The U.S. Food and Drug Administration has begun approving for use during the COVID-19 pandemic bag resuscitators that have been converted to respiratory ventilators.
Late in March, the FDA issued an Emergency Use Authorization (EUA) that cleared the way for such modifications by eliminating a mandate that manufacturing facilities follow current good manufacturing practices (CGMP), including quality system requirements, when making ventilators under the EUA. Suspending the CGMP practices, which typically involve a significant amount of procedure documentation and record keeping, allowed non-medical manufacturers such as Ford and GM to begin ventilator production. The EUA also allowed commercially available bag resuscitators and other devices to be modified in a way that allows them to fill in as ventilators.
The first of these converted bag resuscitators have now been approved by the FDA. Among those designs getting the agency’s blessing is one developed by the University of Minnesota and produced by Boston Scientific and a second device developed and manufactured by Dan T. Moore Co. in Cleveland, Ohio.

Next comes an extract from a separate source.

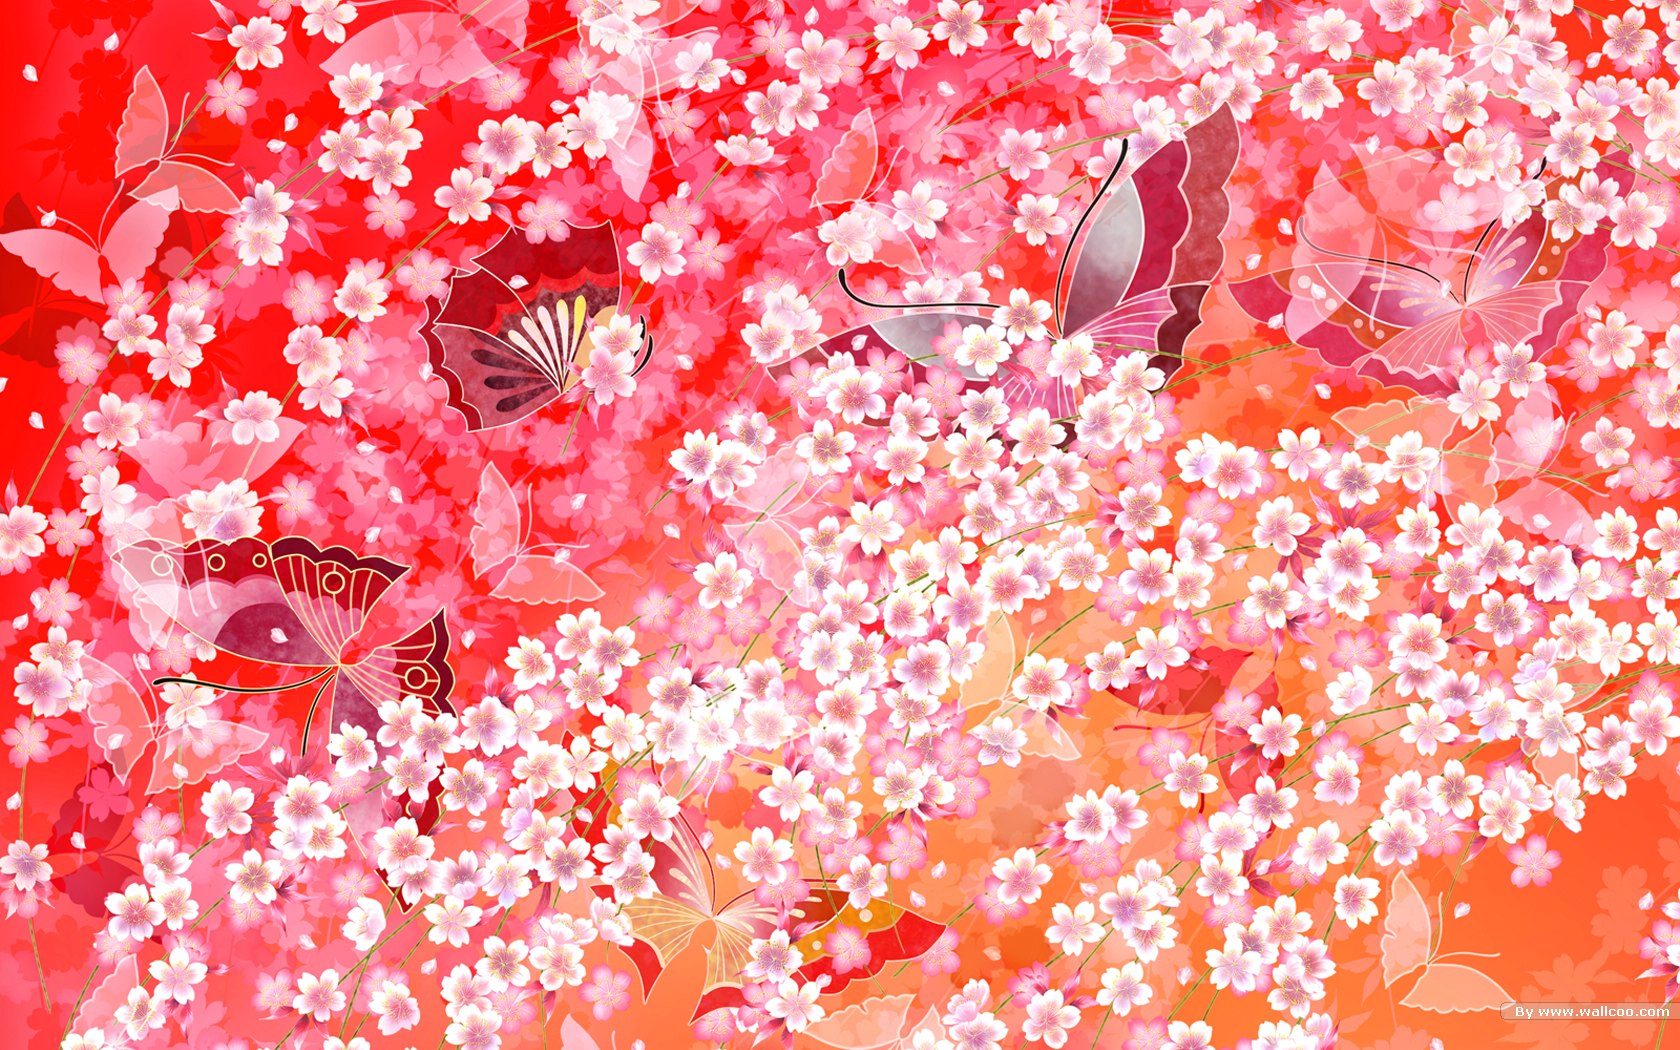 壁纸1680x1050日本风格色彩与图案设计壁纸壁纸 日本风格色彩与图案设计壁纸壁纸 日本风格色彩与图案设计壁纸图片 日本风格色彩与图案设计壁纸素材 创意壁纸 创意图库 创意图片素材桌面壁纸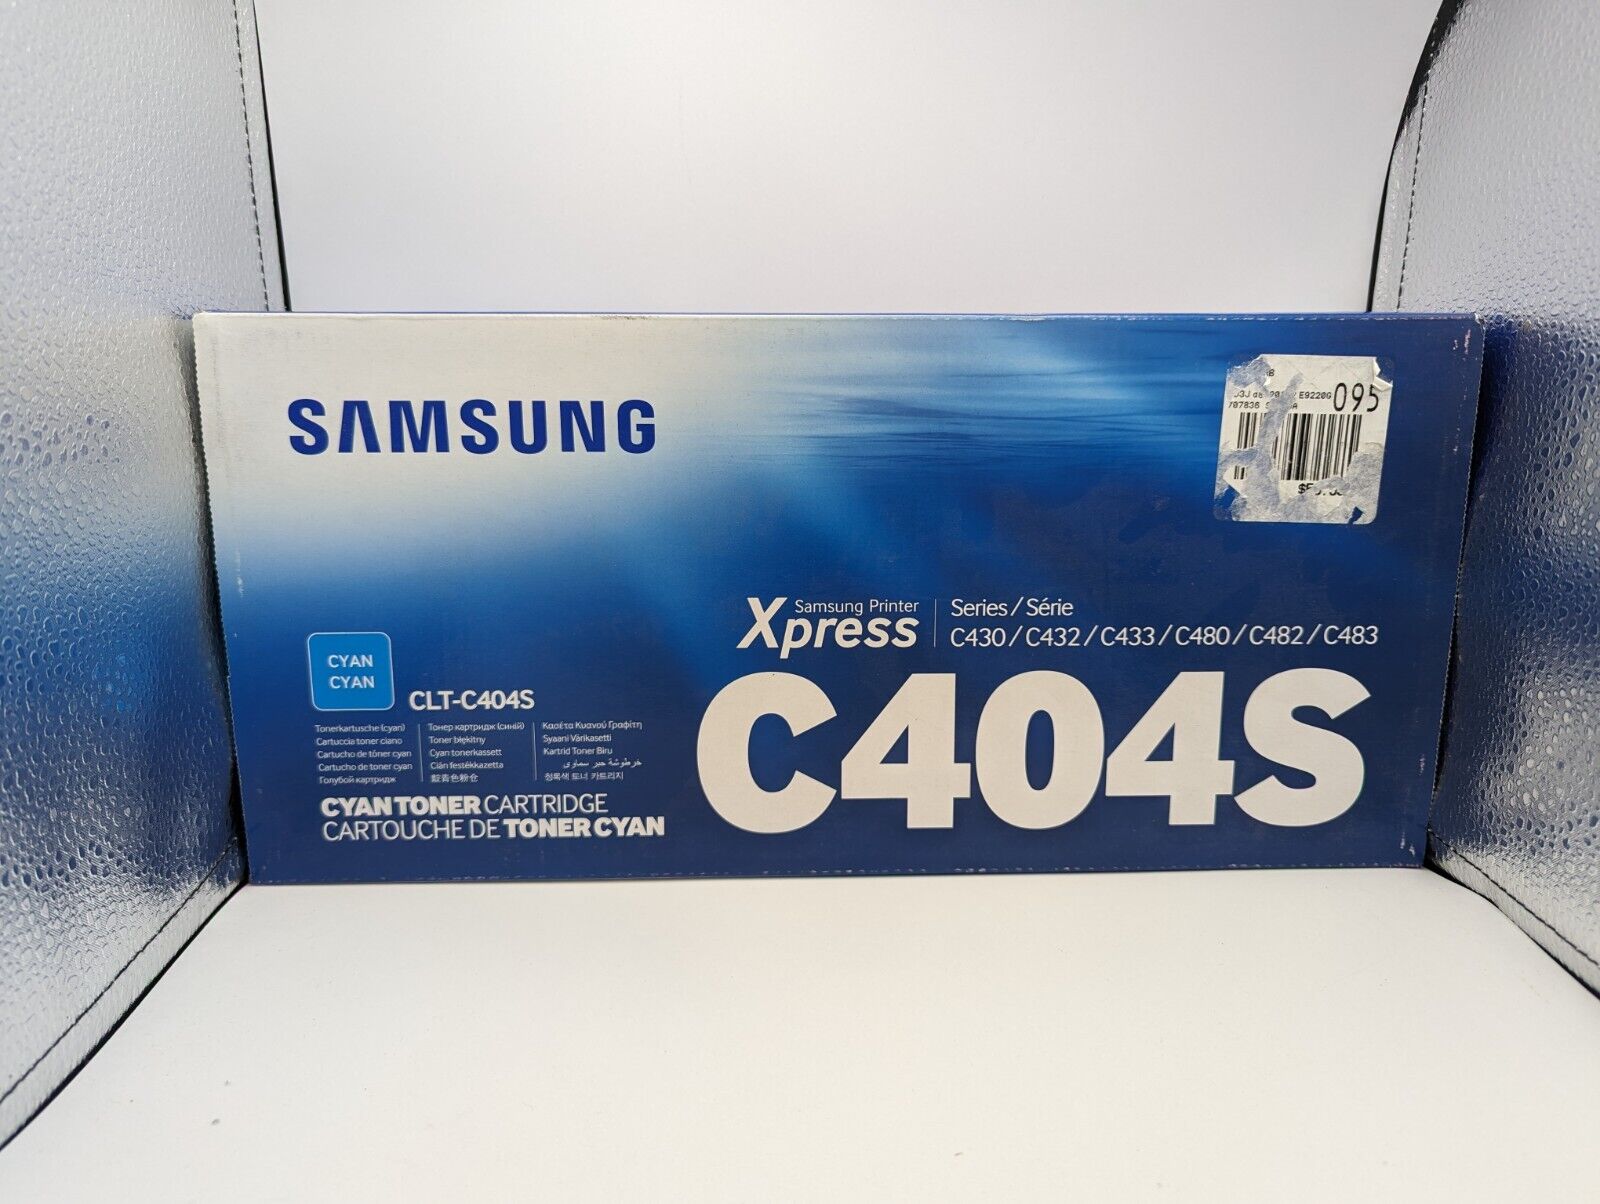 Genuine Samsung CLT-C404S CYAN Toner Cartridge - New In Package

The speed and means by which these devices were developed and approved is noteworthy. Medical devices must meet literally dozens of electrical and safety standards before their commercial introduction. The EUA for ventilators, for example, lists more than 22 IEEE and IEC standards that modified devices must adhere to. The usual means of demonstrating compliance with these technical standards is through testing by independent labs such as UL, CSA, or TÜV SÜD. But it looks as though the devices approved under the ventilator EUA won’t need to be tested by independent labs.
Officials involved with obtaining FDA approval of the Cleveland-based effort, called SecondBreath, describe a process where device developers ran their own tests, then sent the result to the FDA for review. SecondBreath spokesman Windsor Ford says the firm’s interactions with the FDA were mainly through email. No FDA personnel inspected the manufacturing facility which consists of unused space in a Dan T. Moore warehouse. And no FDA personnel supervised testing. Nevertheless, there was “an enormous amount of testing” involved in proving the modified resuscitators complied with FDA requirements, says Ford. Some of this testing took place on a breathing simulator called an ASL 5000 which can “breath” while hooked up to a ventilator. The SecondBreath device also had to go through ARDS Net (Acute Respiratory Distress Syndrome) compliance testing which took place in cooperation with local hospitals. “We provided the FDA with extensive video and other documentation of our tests that made them comfortable that we had performed all the tests correctly,” says Ford.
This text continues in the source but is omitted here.